Les projets IA du secteur crypto suivent un cycle de valorisation différent. Contrairement aux valeurs IA traditionnelles qui entrent dans une phase de vérification de la rentabilité, les projets IA dans la sphère crypto en sont encore aux premiers stades de levée de fonds et de développement d’infrastructures, avec des valorisations reflétant les attentes du capital pour l’avenir. Cette différence de logique de valorisation entre les deux marchés implique que les actifs IA crypto pourraient connaître une volatilité et une incertitude accrues.
Pour les investisseurs, la valeur centrale de cette période de vérification des résultats réside dans l’apport d’ancrages de données tangibles. La tendance de fond de l’IA ne fait aucun doute, mais chaque publication de résultats met à l’épreuve la logique et invite à une réévaluation des valorisations. Les entreprises qui tireront réellement profit de cette dynamique devront trouver un équilibre durable entre investissements et génération de trésorerie — c’est précisément la réponse que commence à livrer cette saison des résultats.
FAQ
Q : Que signifie la période de vérification des résultats des valeurs IA ?
En juillet 2026, les entreprises de la chaîne industrielle IA cotées sur les marchés A-share, américain et coréen publient leurs résultats semestriels et du deuxième trimestre. Le marché saisit cette occasion pour évaluer si les investissements massifs dans l’IA se traduisent par une véritable croissance du chiffre d’affaires et des flux de trésorerie — un moment clé pour déterminer si l’industrie de l’IA passe de la « phase d’investissement » à la « phase de rendement ».
Q : Quels types d’entreprises performent le mieux cette saison ?
Les sociétés liées à l’infrastructure de calcul affichent les meilleurs résultats. Le chiffre d’affaires du segment data center d’Intel a progressé de 59 % sur un an ; le bénéfice net cumulé des douze entreprises à concept IA+ cotées sur les A-shares a augmenté de 72,23 % sur un an ; SK Hynix prévoit un bénéfice opérationnel en hausse de 596 % sur un an au deuxième trimestre. La certitude sur la partie matérielle amont est nettement supérieure à celle des applications aval.
Q : Pourquoi le chiffre d’affaires d’Alphabet a-t-il progressé alors que son cours de Bourse a reculé ?
Le chiffre d’affaires d’Alphabet au deuxième trimestre a augmenté de 24 % sur un an, Google Cloud a progressé de 82 %, mais la société a relevé ses prévisions de dépenses d’investissement annuelles à 195–205 milliards de dollars, et son flux de trésorerie disponible est devenu négatif pour la première fois, à -5,9 milliards de dollars. Le marché s’inquiète de la durée du cycle de retour sur de tels investissements massifs, et la pression sur la rentabilité à court terme entraîne une contraction de la valorisation.
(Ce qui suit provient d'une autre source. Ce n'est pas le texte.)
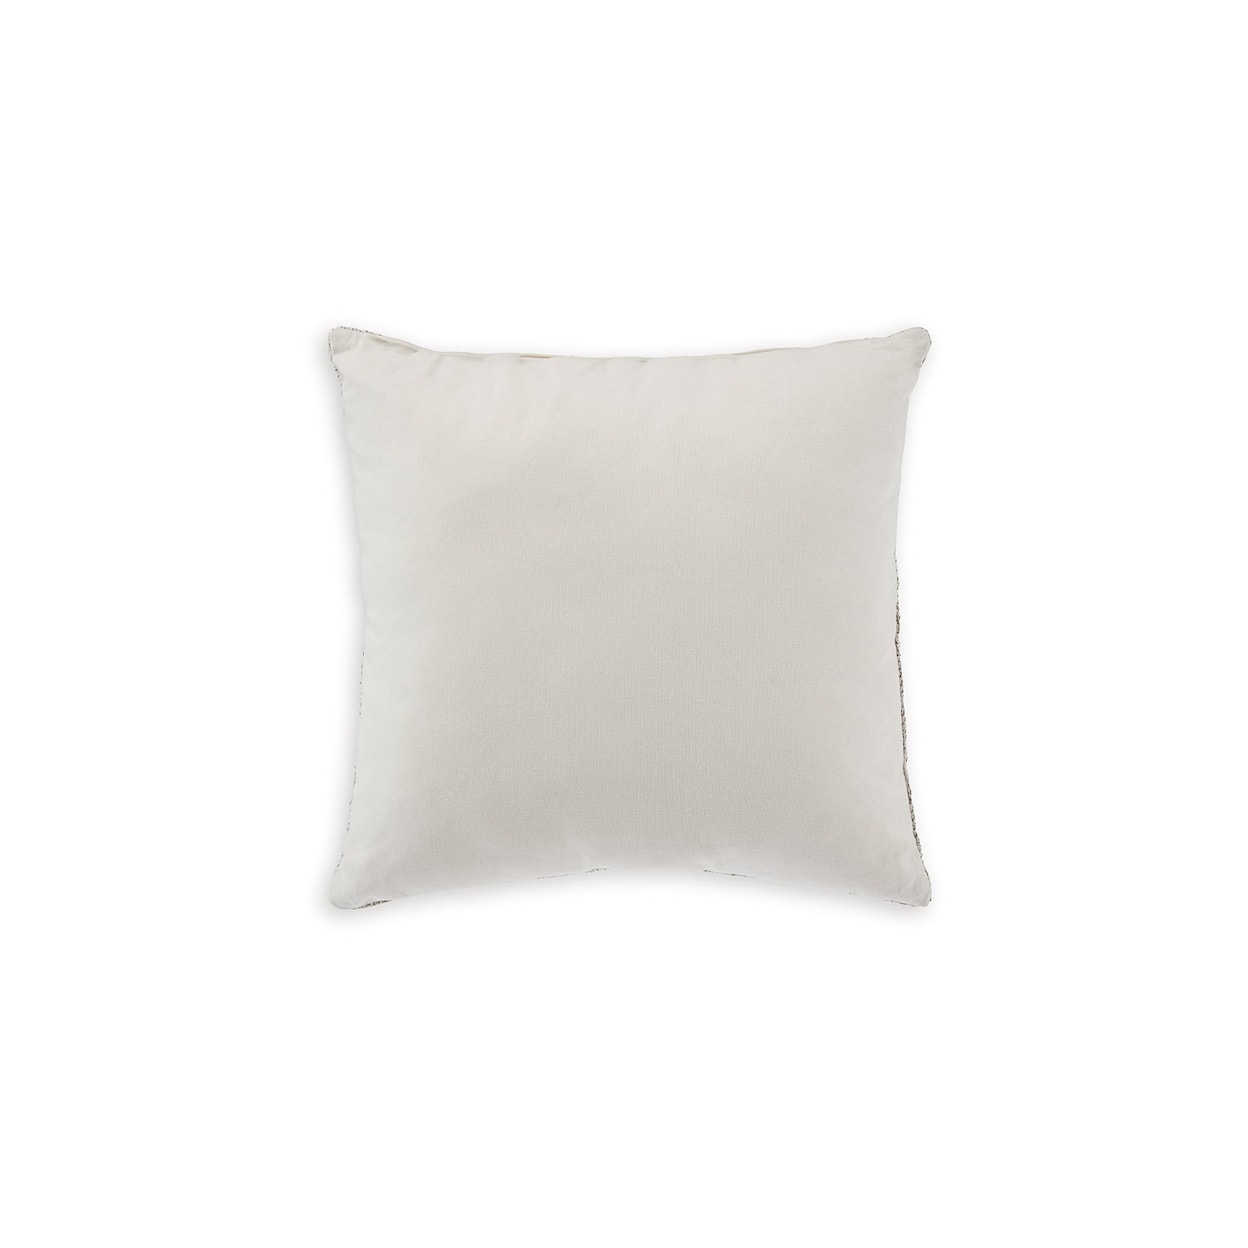 Signature Design Carddon Set of Pillows

Q : Comment la logique d’investissement dans les valeurs IA va-t-elle évoluer après la saison des résultats ?
Le marché va passer d’une phase de « hausse généralisée » à une différenciation plus sélective. Les entreprises dotées de carnets de commandes solides, d’un pouvoir de fixation des prix et d’une capacité à générer de la trésorerie bénéficieront d’un soutien en valorisation, tandis que les valeurs purement conceptuelles seront davantage sous pression. La tendance de fond de l’IA reste intacte, mais la divergence entre les titres deviendra la norme.